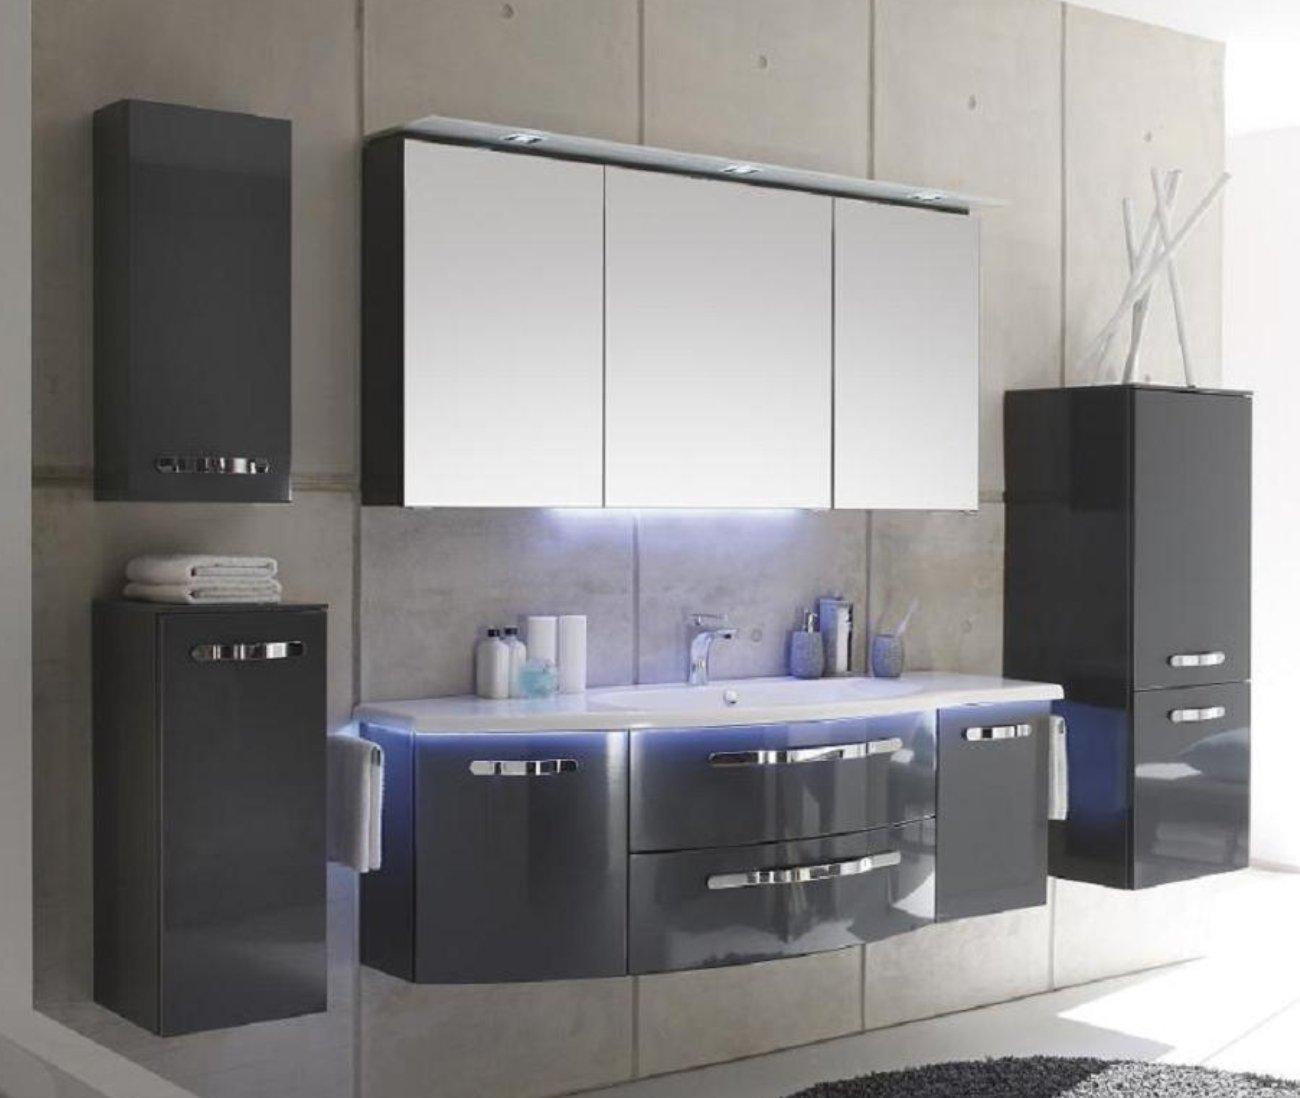 pelipal solitaire 7005 set badm bel exclusiv. Black Bedroom Furniture Sets. Home Design Ideas
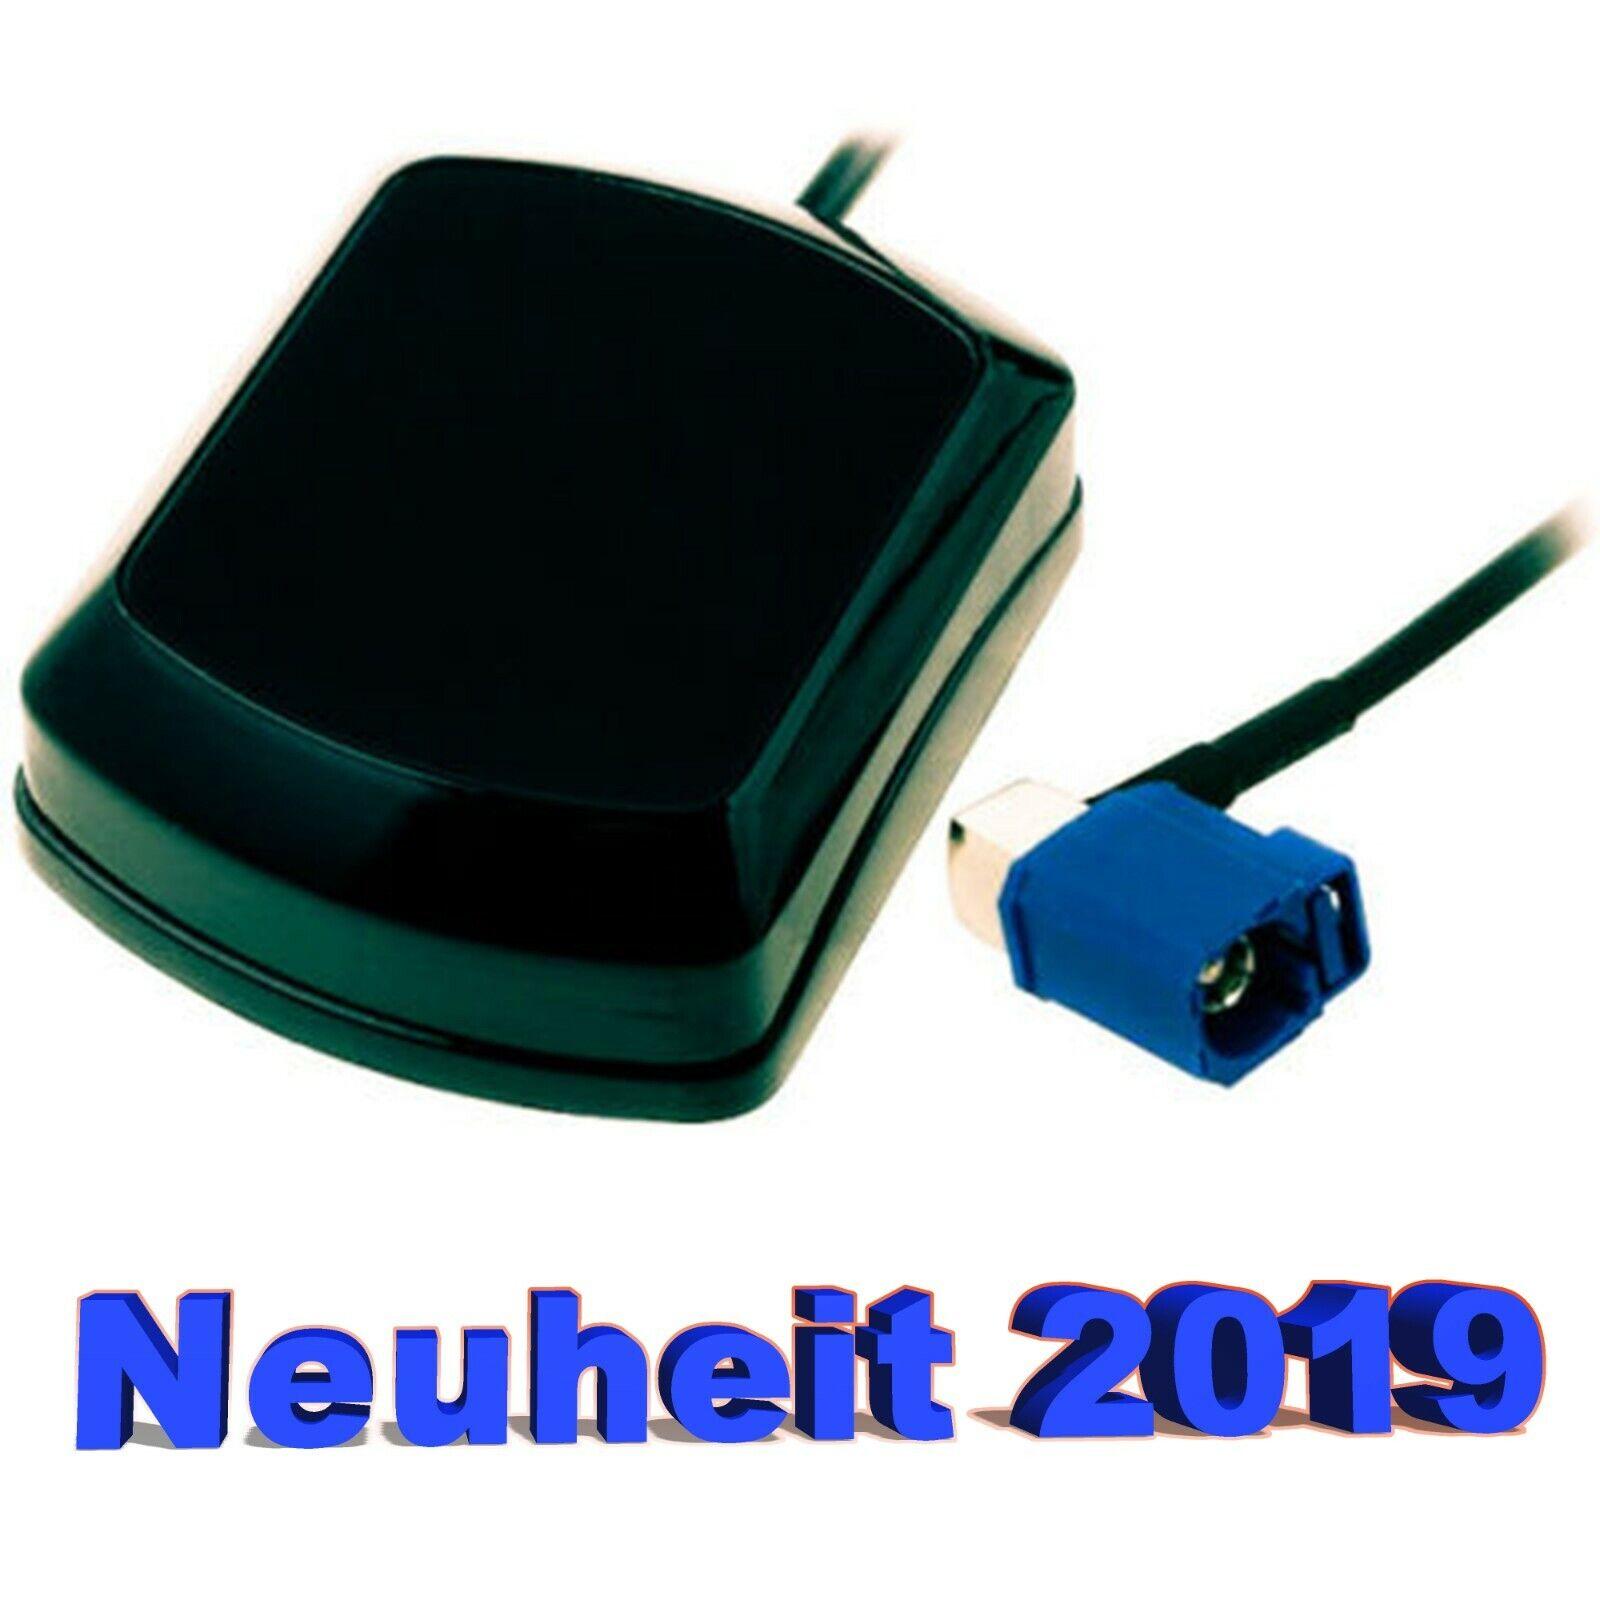 KFZ-ANTENNENFUSS FM PKW GPS VW RAKU2 Triplex Stabantenne Antennenfuss RAKU2 NAVI
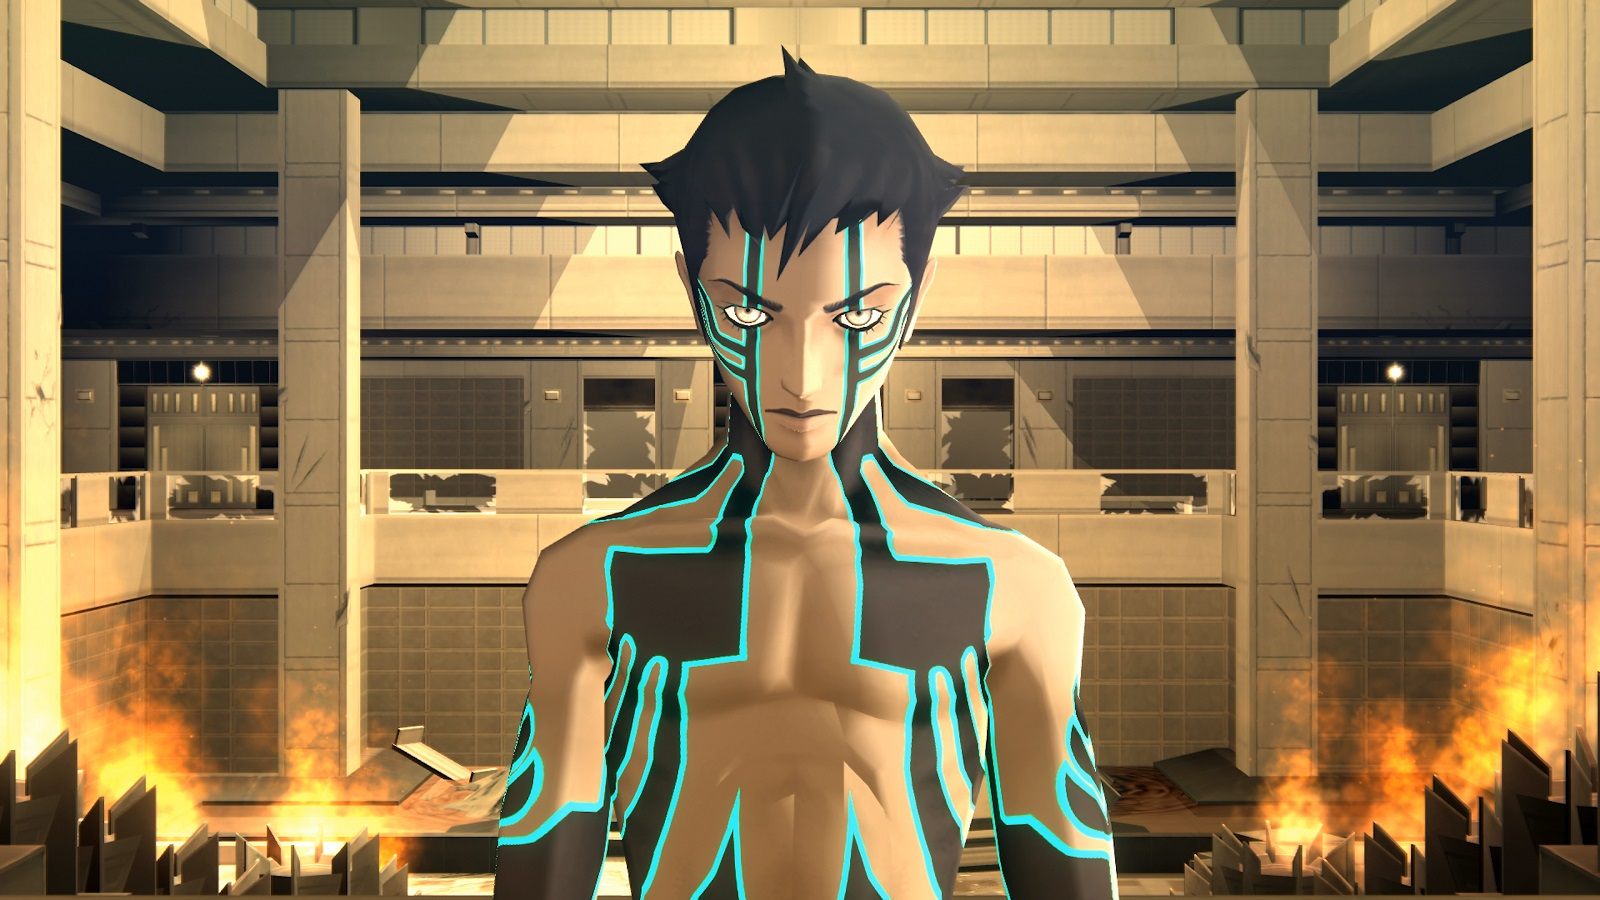 На официальной странице ремастера Shin Megami Tensei III: Nocturne обнаружили упоминание Xbox и Google Stadia

###

WORK REQUEST: All lines above must be repeated exactly, and the pictures must be omitted.

TASK OUTPUT:
 pelipal solitaire 7005 set badm bel exclusiv. Black Bedroom Furniture Sets. Home Design Ideas
 KFZ-ANTENNENFUSS FM PKW GPS VW RAKU2 Triplex Stabantenne Antennenfuss RAKU2 NAVI
 На официальной странице ремастера Shin Megami Tensei III: Nocturne обнаружили упоминание Xbox и Google Stadia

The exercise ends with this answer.